In short, no, it is not considered normal for bleeding to continue without stopping. Women who experience this should get themselves checked out immediately.
Before feeling alarmed, it is essential to examine whether or not one is genuinely bleeding all the time. For example, some women may go through a 21-day cycle and bleed for eight days. Although it may appear as if they are bleeding all the time, the truth is quite the opposite. "Women who think they are bleeding an irregularly large amount need to examine whether or not this is actually true but counting the number of days they have bled and compare that to their normal cycle," writes Stacy Wellington, a lifestyle blogger at Write My X and BritStudent.
In the case that a woman does observe an abnormally large amount of bleeding, they should make an appointment to get checked out immediately. In most cases, it could be nothing, but it could also be a symptom of a much greater condition that needs addressing.
What Is The Cause Of Prolonged Bleeding?
In most cases, prolonged bleeding is caused by changes in a woman's hormonal profile. The endocrine system is a vast and complicated network of intertwined processes and signals. Even a small change can produce extremely noticeable effects. For example, young girls just entering puberty and older women going through menopause are the most likely to suffer from irregular period length due to significant changes in their hormonal profile.
Still, the question remains; what causes prolonged bleeding? While there is almost an endless number of answers, a change in estrogen levels is usually to blame. Most people do not know that one of the things estrogen does is build up the endometrium, which is another name for the uterus lining. This lining aids in pregnancy, but if the uterus is not fertilized, the body sheds the lining, which accounts for the bleeding.

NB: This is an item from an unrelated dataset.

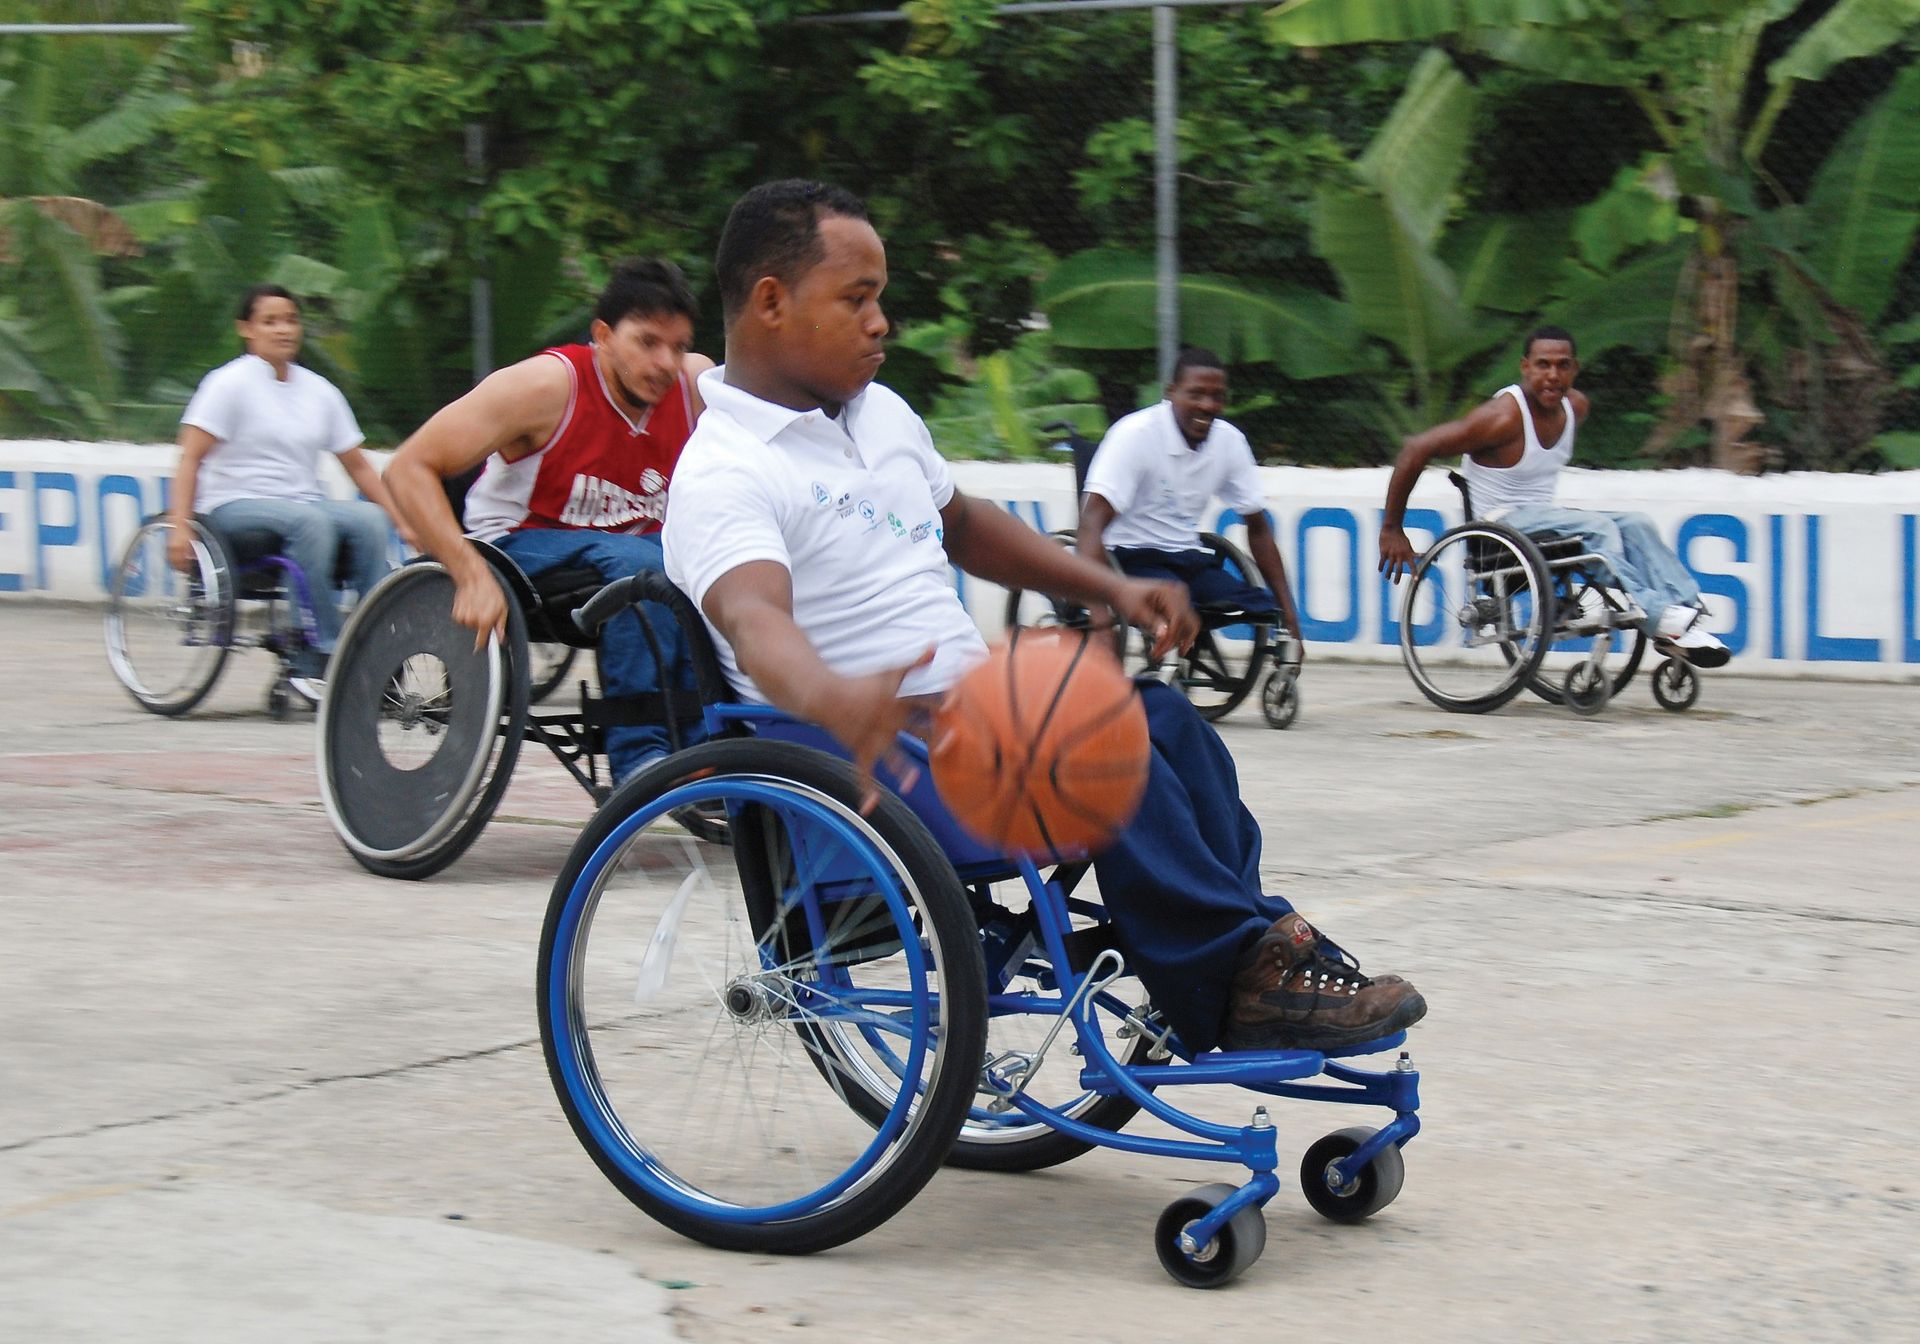 A man in a wheelchair bouncing a basketball with four men and one woman in wheelchairs on a basketball court.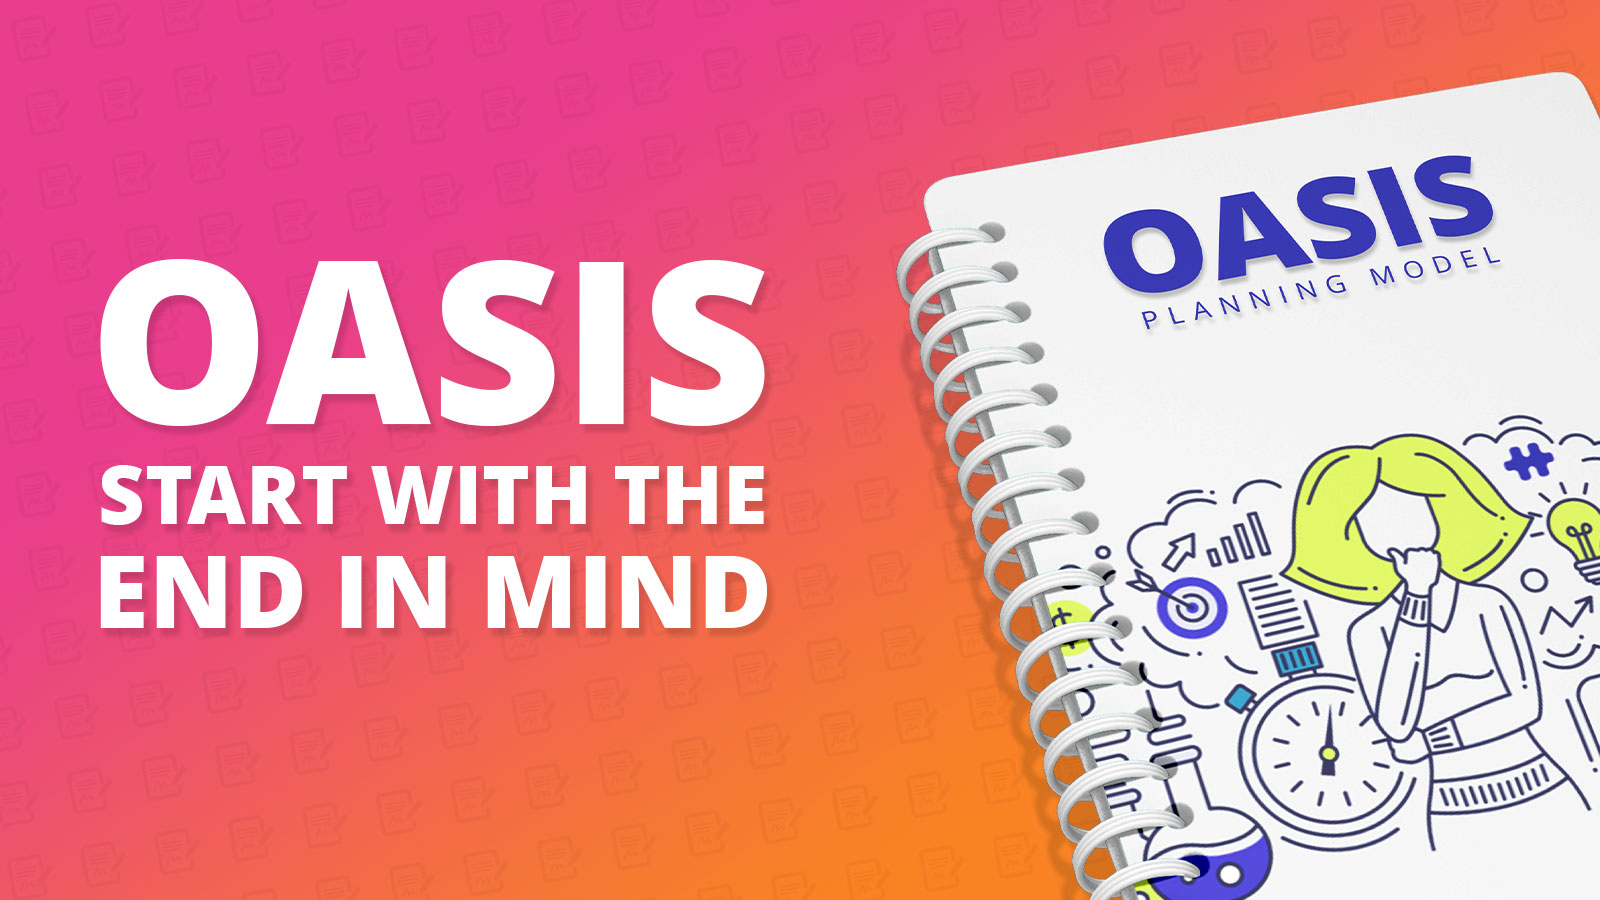 OASIS campaign planning: Start with the end in mind

Birth control can also cause irregular bleeding, especially when a woman first begins taking it since it adjusts the woman's hormonal profile.
What Treatment Are Available For Prolonged Bleeding?
Prolonged bleeding can be caused by a myriad of conditions, and the proper treatment depends on the condition. This being said, many issues with prolonged bleeding can be treated by taking birth control pills of estrogen and progesterone. In most cases, birth control pills decrease the amount of blood flow and for many women, may even shorten their cycle. Not only does it serve as a contraceptive, but it can also help women suffering from cases of prolonged bleeding.
In other instances where estrogen or progesterone based birth control does not stop ongoing bleeding, Lysteda is a prescription medication that is used to treat heavy menstruation, although birth control should always be tried first.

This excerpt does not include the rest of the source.